Aurora-Grace’s story: ‘We went from thinking it was a bit of bloating, a bit of wind, to suddenly ‘this is a serious problem, this needs to be looked at’

At just two weeks old, Aurora-Grace was diagnosed with neuroblastoma after her Mum, Emily, noticed her stomach had swollen when she was changing her nappy. That day, they visited the GP who suspected it was wind but said to get it checked just in case and two days later they received the life-changing diagnosis.

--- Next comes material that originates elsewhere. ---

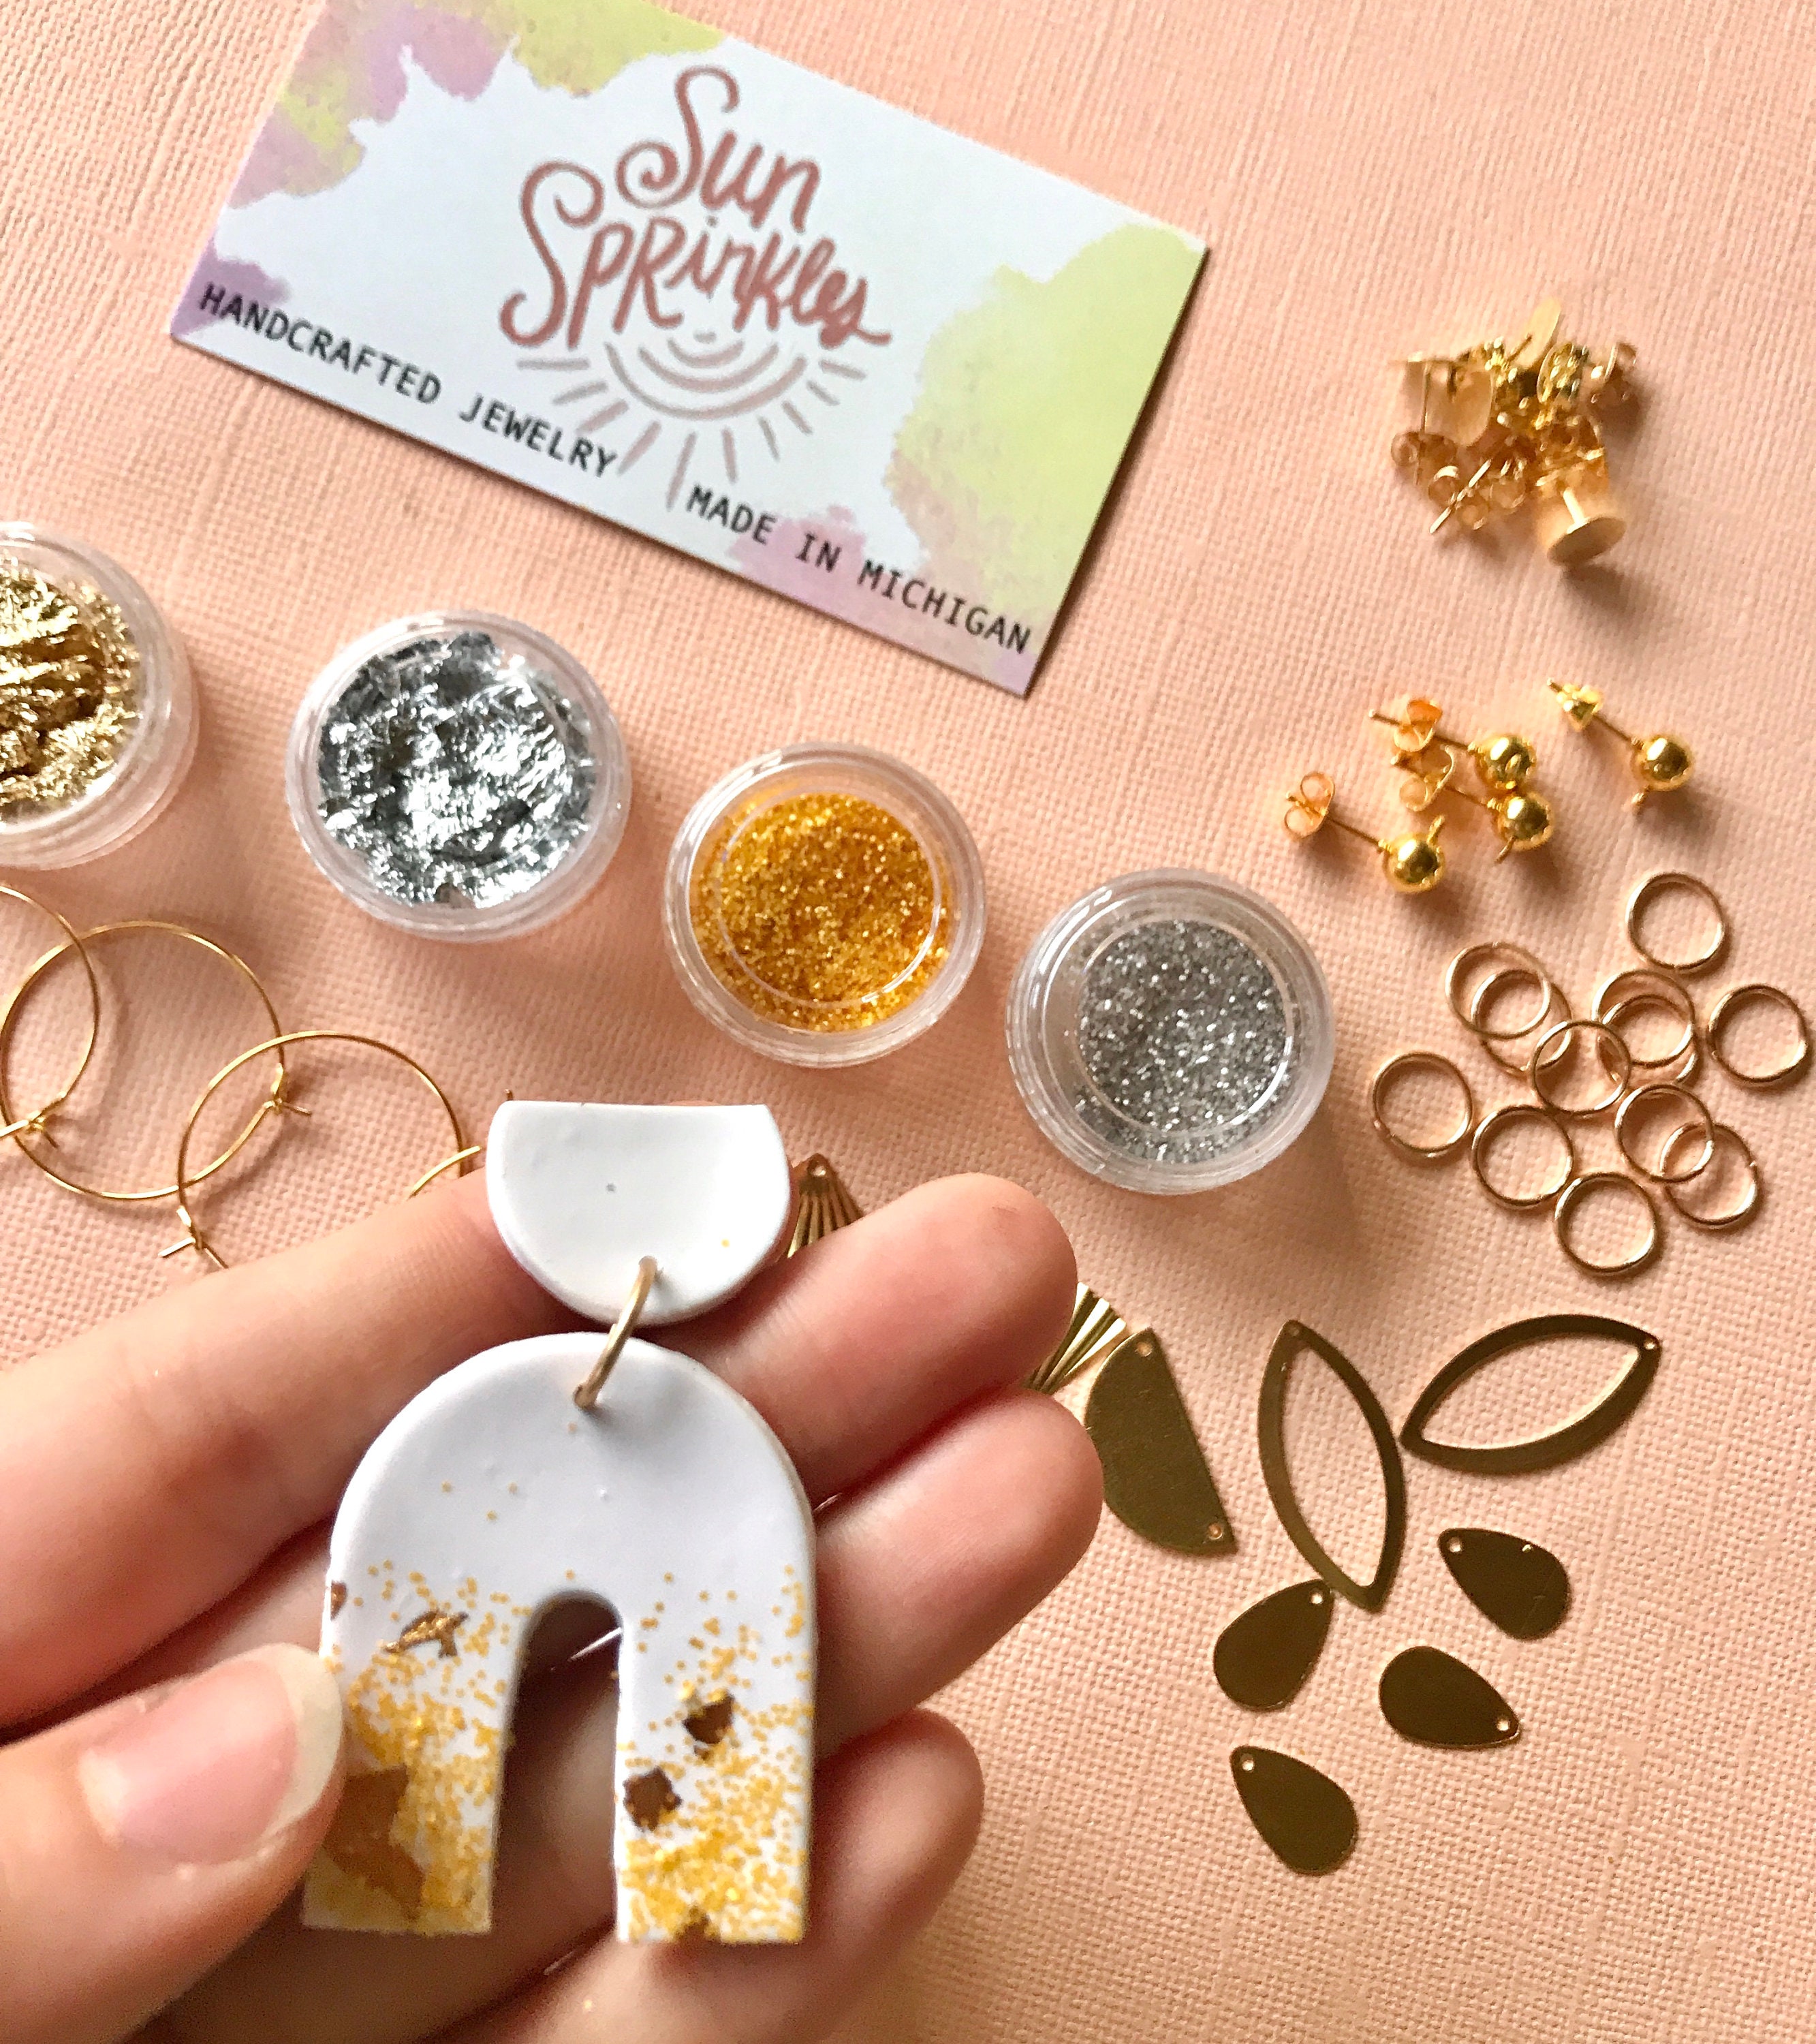 Advanced Sparkle Version DIY Clay Earrings Kit/sun Sprinkles Kit/ Jewelry  Kit/ Make Your Own Polymer Clay Earrings/gift Box Crafting Kit -   Denmark
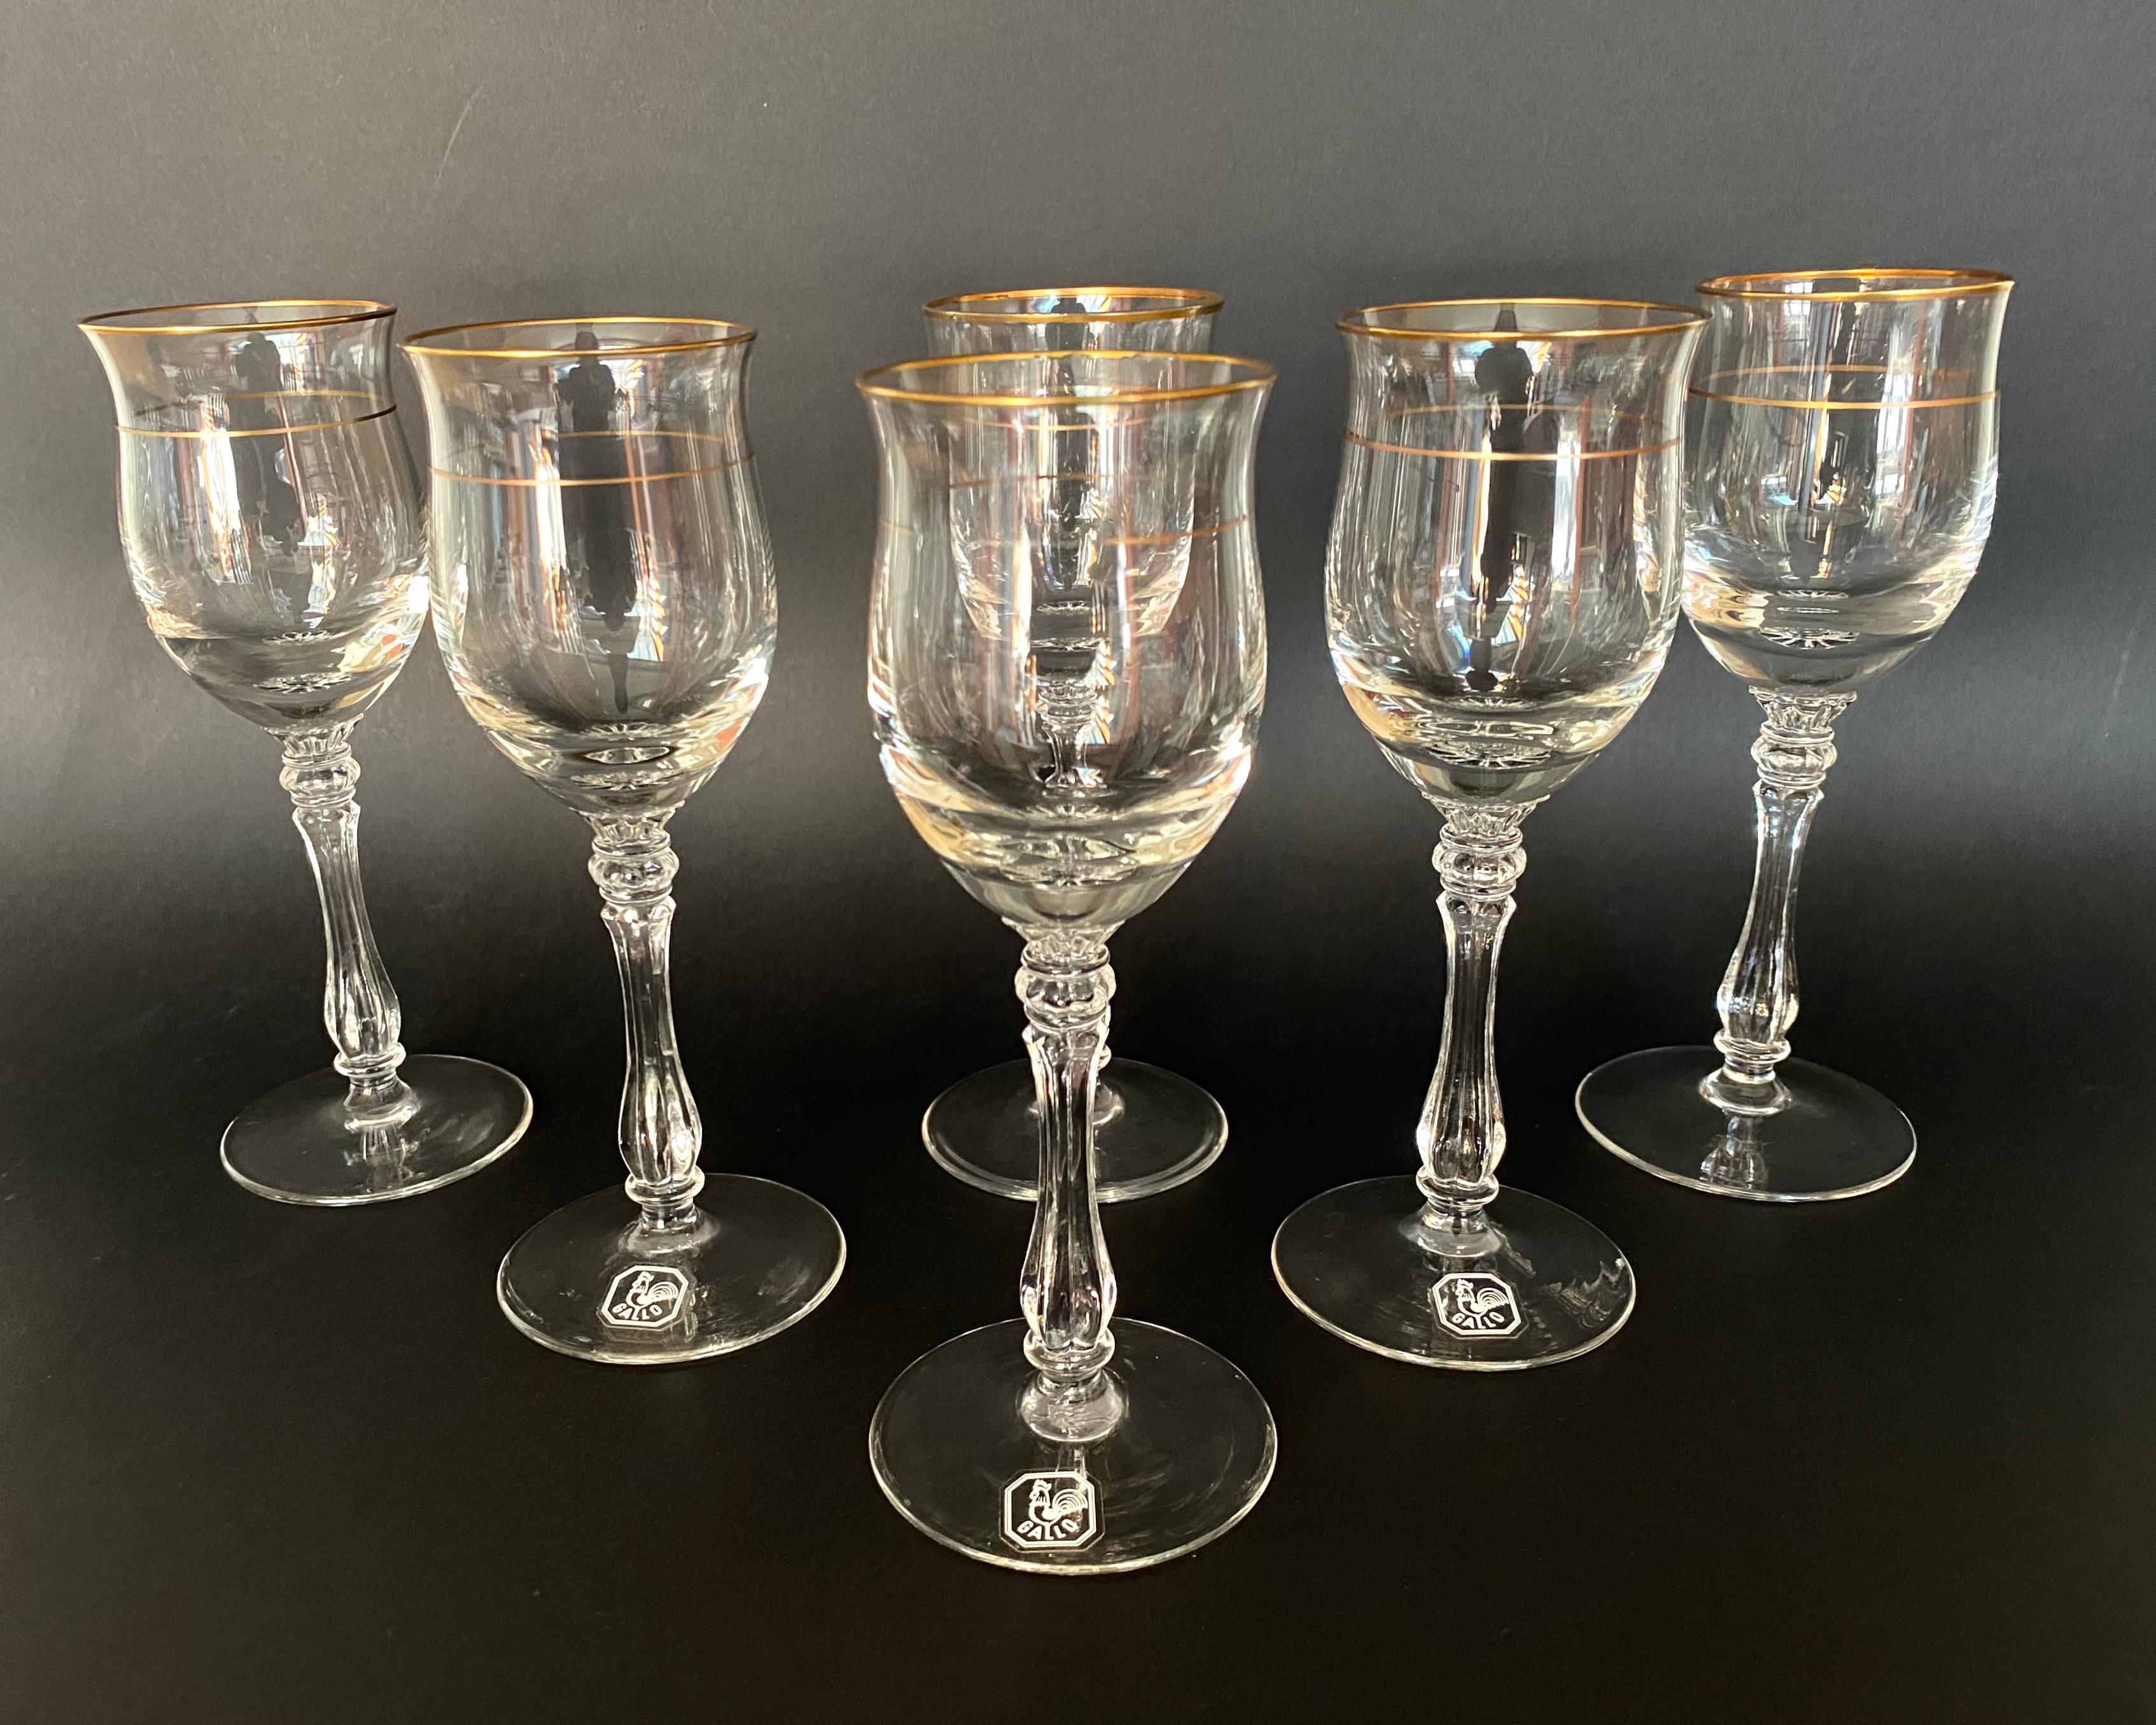 Charming Vintage Set of 6 Crystal Cognac Glasses by Gallo, Germany, 1970s In Excellent Condition For Sale In Bastogne, BE

This Childhood Cancer Awareness Month, Matt and Emily are sharing their story to shine a light on the experiences of young cancer patients and their families.

“Aurora-Grace was born in February 2019 and in March of the same year at 2 weeks old she was diagnosed with neuroblastoma. It was quite out of the blue, wasn’t expecting it and didn’t know anything about it. We were chucked into this world of childhood cancer unexpectedly and unplanned.

“It was Mother’s instinct. Emily noticed Aurora’s tummy was quite big one day when she was changing her nappy, she was quite bloated and hard. So we thought it’s quite strange. Initially, when we went to the GP, it was diagnosed as wind and along the lines of using different formula, that sort of thing.

“But that didn’t sit quite right and Emily wasn’t sure so she got a second opinion from another GP and he was much more concerned. Within 24 hours he said get to Sick Kids Hospital in Edinburgh and get her checked out because he wasn’t happy with what he was seeing. We went from thinking it was a bit of bloating, a bit of wind, to suddenly being ‘this is a serious problem, this needs to be looked at’.

“That was from the Thursday her being diagnosed with wind to Friday evening being in the Sick Kids and getting all sorts of checks and tests done. It couldn’t have been quicker in turn around.

“It wasn’t like we had to wait for tests and wait for weeks, it was in a matter of days. It was the Saturday we were brought into a room in the hospital and told ‘your daughter has cancer’. It was very, very quick. It was almost surreal. You don’t realise what’s happening, you just jump through it and everything’s going by in a bit of a blur.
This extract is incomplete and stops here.